Top of Data section

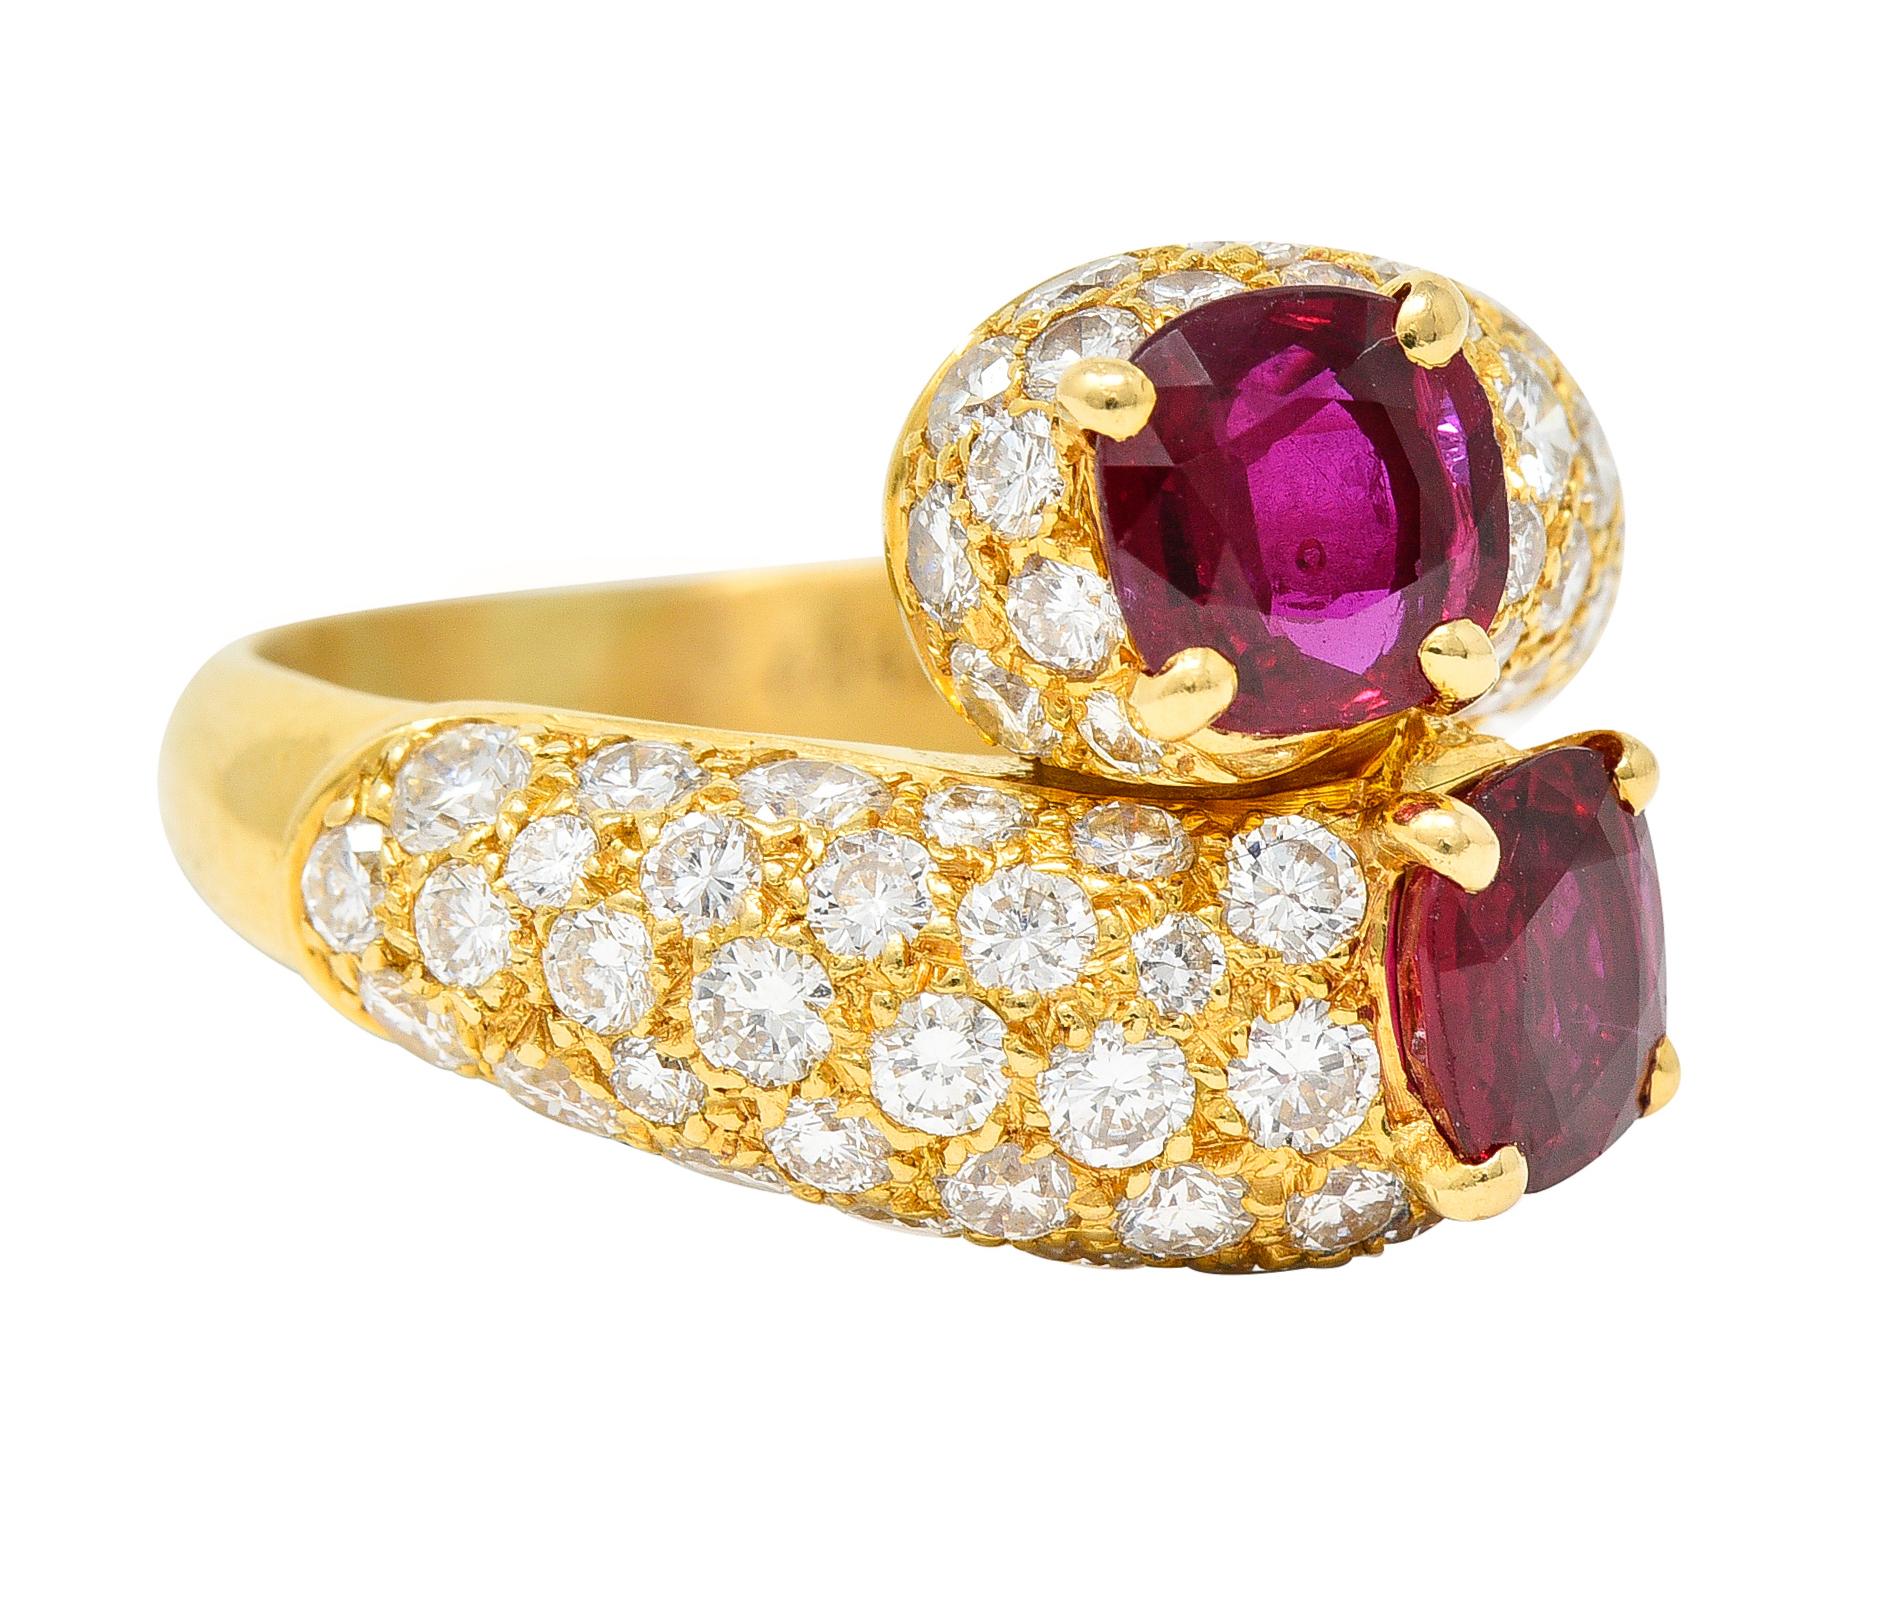 Bypass ring features two round cut Thai rubies weighing collectively approximately 1.90 carats. Very well matched in vivid red color - eye clean. Prong set atop bombè formed shoulders pavè set throughout by round brilliant cut diamonds. Weighing in
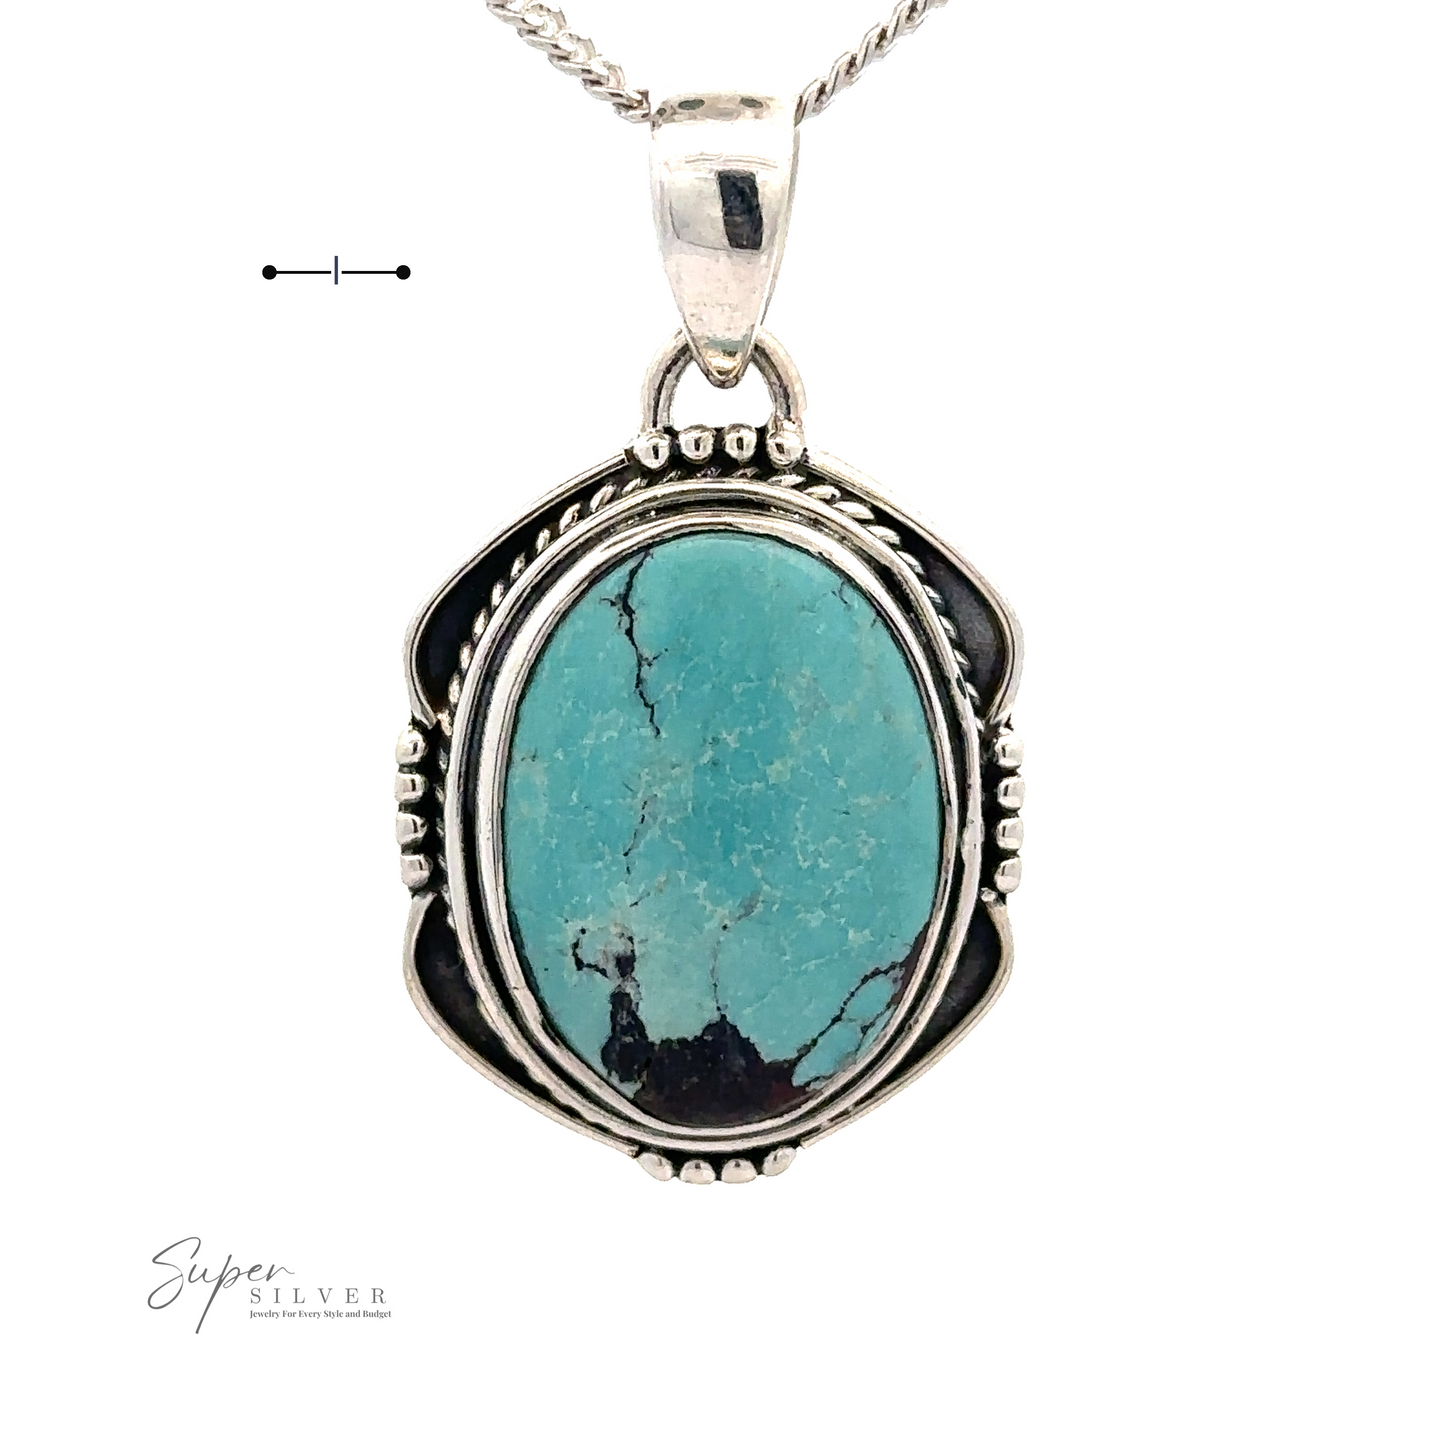 
                  
                    A Natural Turquoise Pendant with an Oval Shield Setting featuring an oval natural turquoise stone with black veining, showcased against a white background. The handmade piece boasts intricate silver detailing around the stone.
                  
                
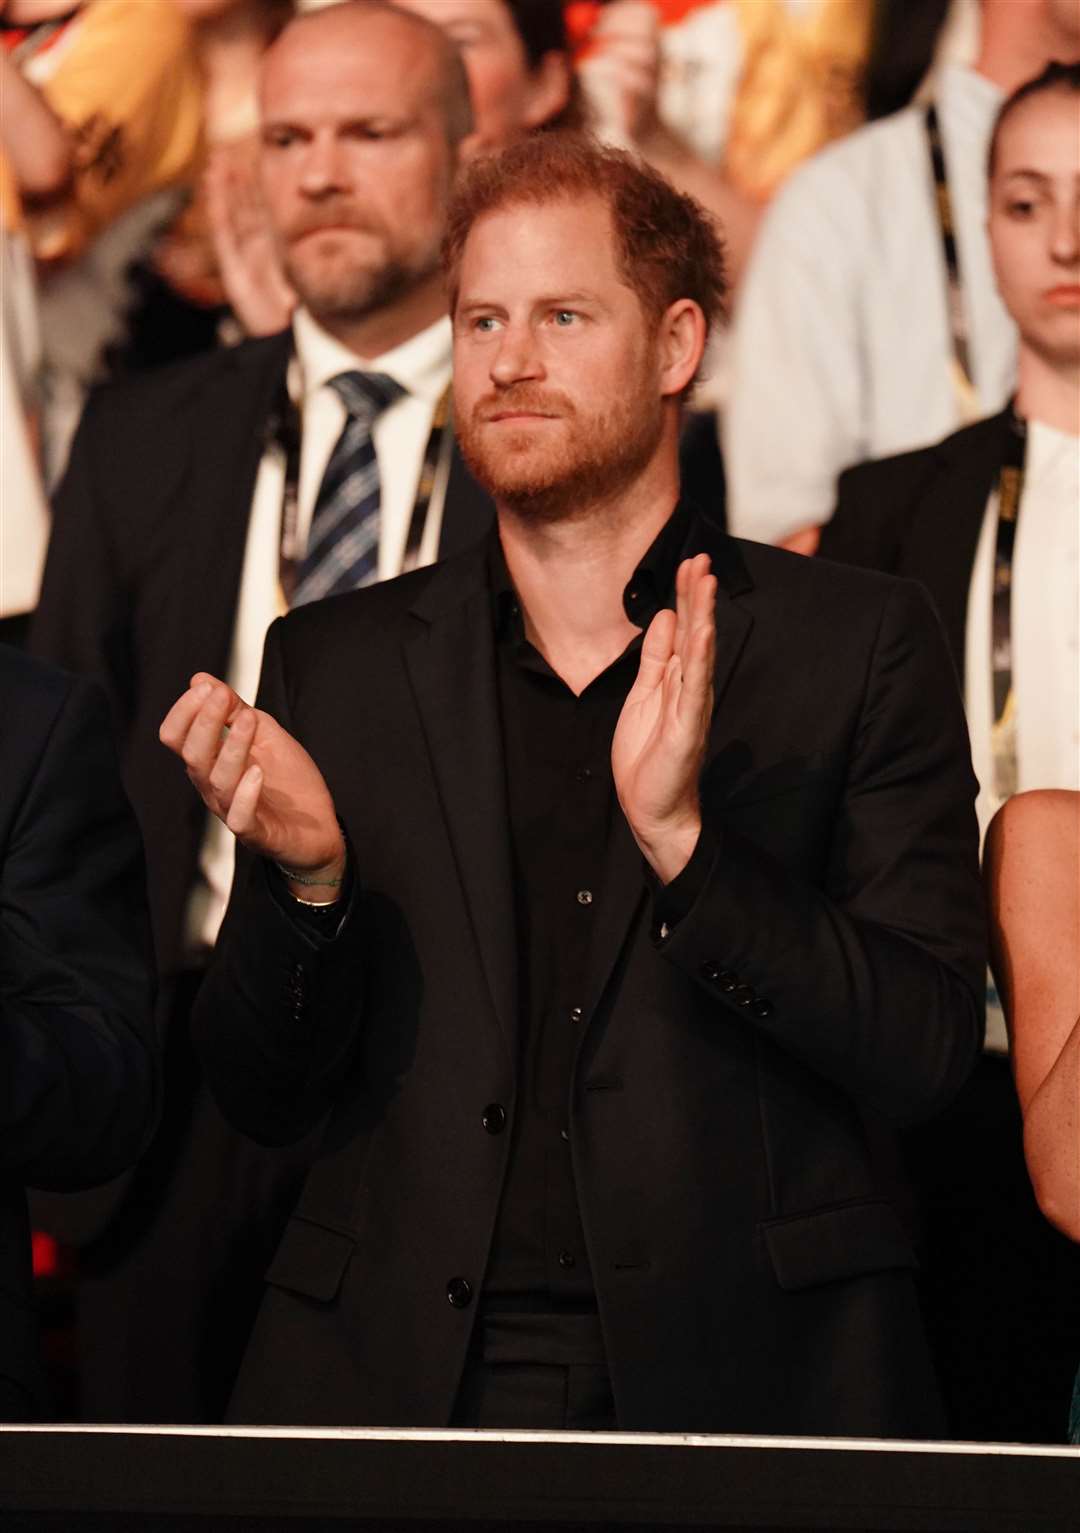 The Duke of Sussex is reportedly in Texas with his wife (Jordan Pettitt/PA)
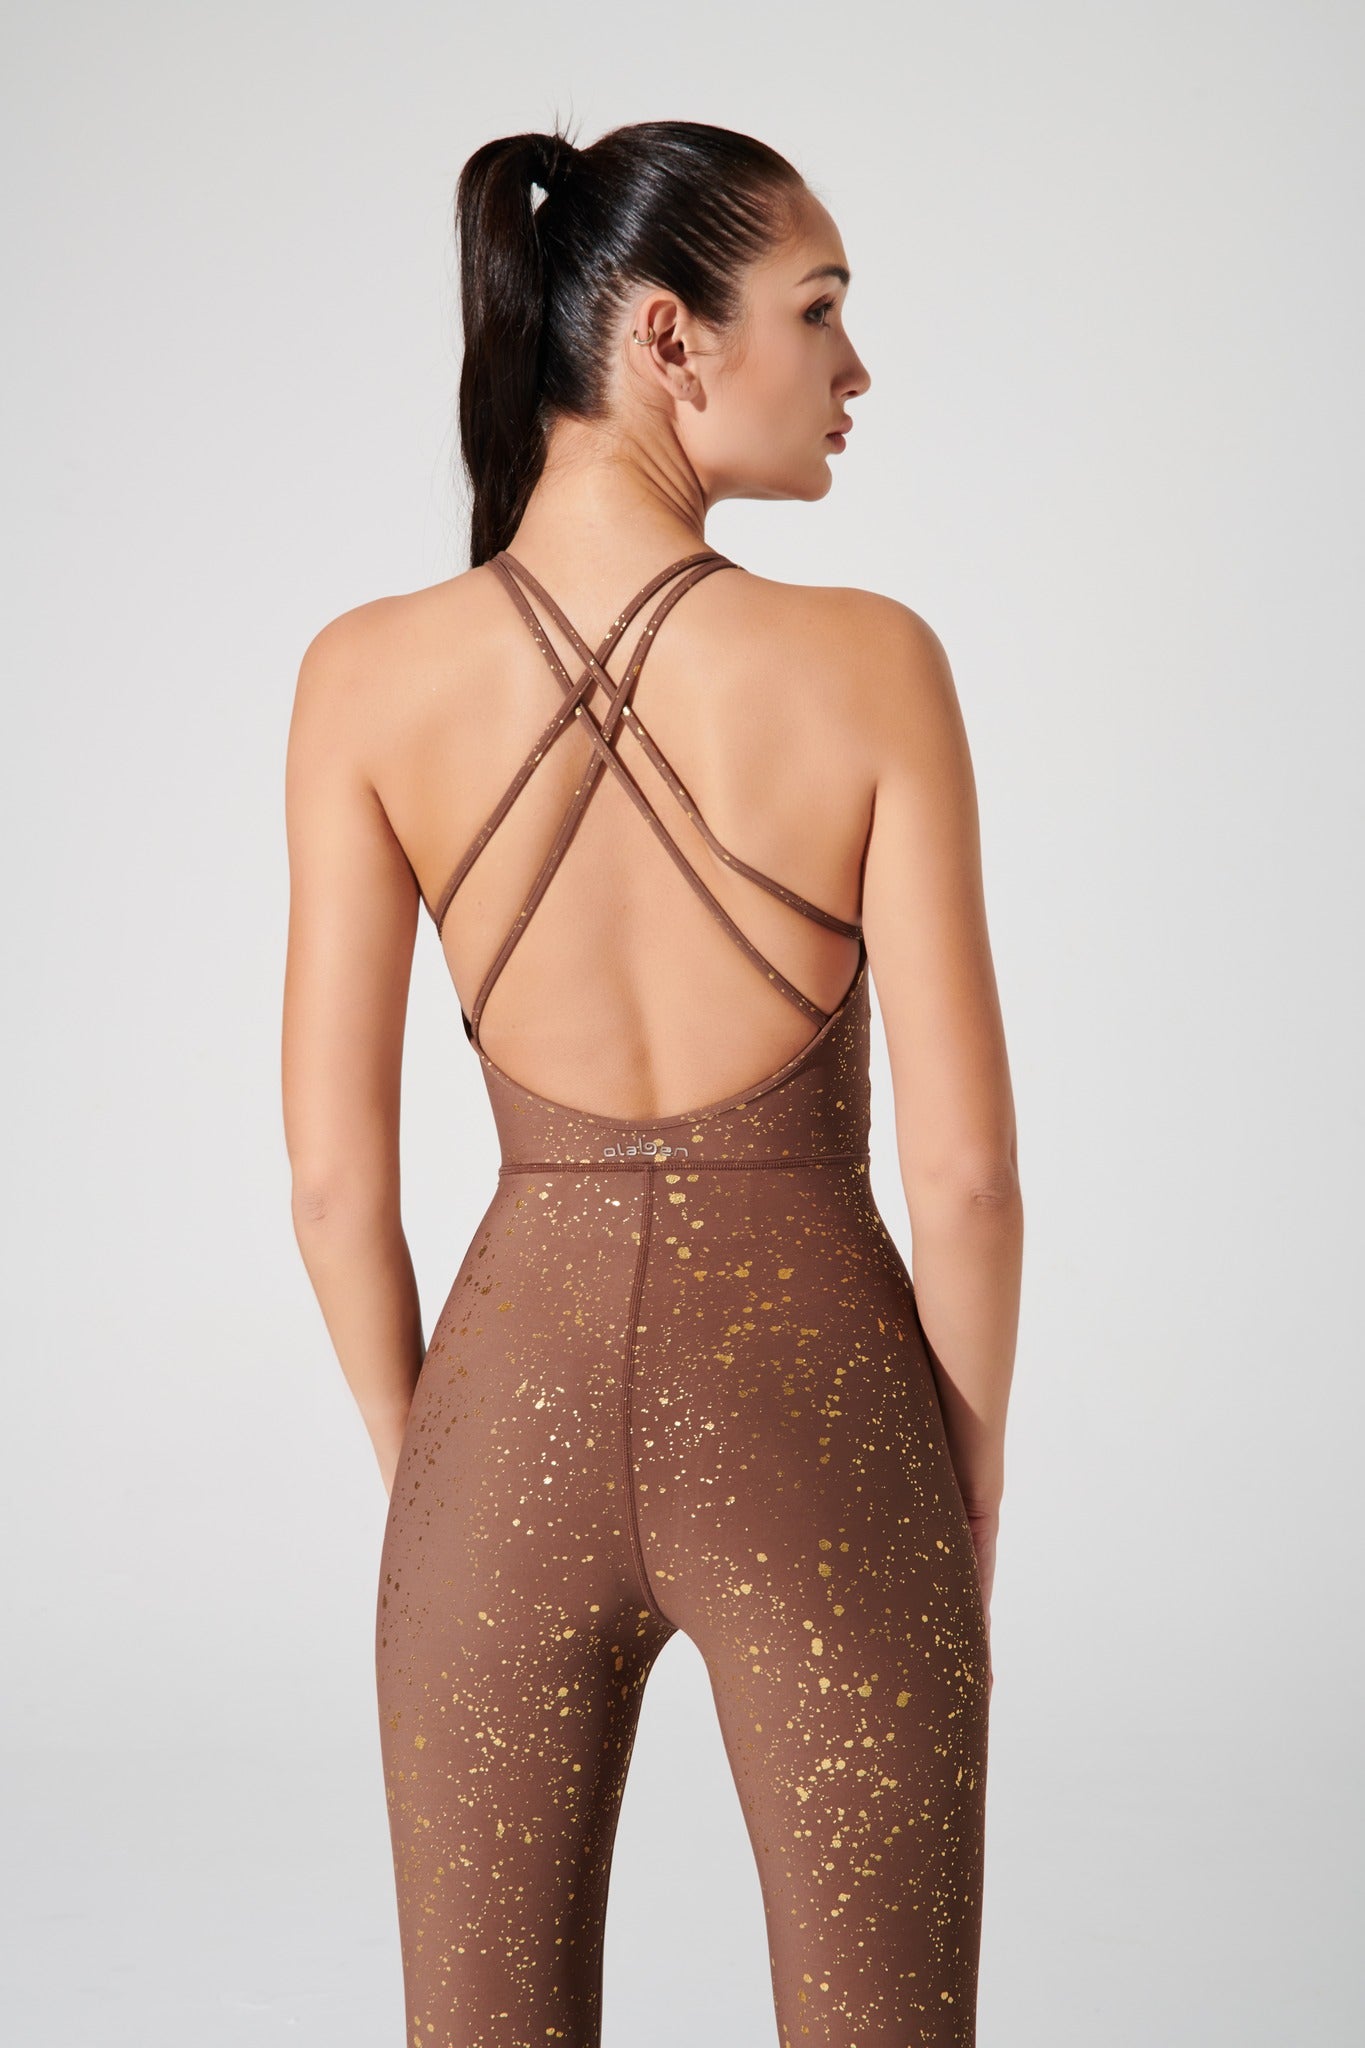 Stylish women's bronze brown jumpsuit with a luminous touch - OW-0117-WJU-BN_1.jpg.

Bottom of Data section

- [Exercise aim]
Each line above must be repeated exactly in the answer, with pictures omitted.

- [Answer]
 Bypass ring features two round cut Thai rubies weighing collectively approximately 1.90 carats. Very well matched in vivid red color - eye clean. Prong set atop bombè formed shoulders pavè set throughout by round brilliant cut diamonds. Weighing in
                  
                    A Natural Turquoise Pendant with an Oval Shield Setting featuring an oval natural turquoise stone with black veining, showcased against a white background. The handmade piece boasts intricate silver detailing around the stone.
                  
                
 The Duke of Sussex is reportedly in Texas with his wife (Jordan Pettitt/PA)
 Stylish women's bronze brown jumpsuit with a luminous touch - OW-0117-WJU-BN_1.jpg.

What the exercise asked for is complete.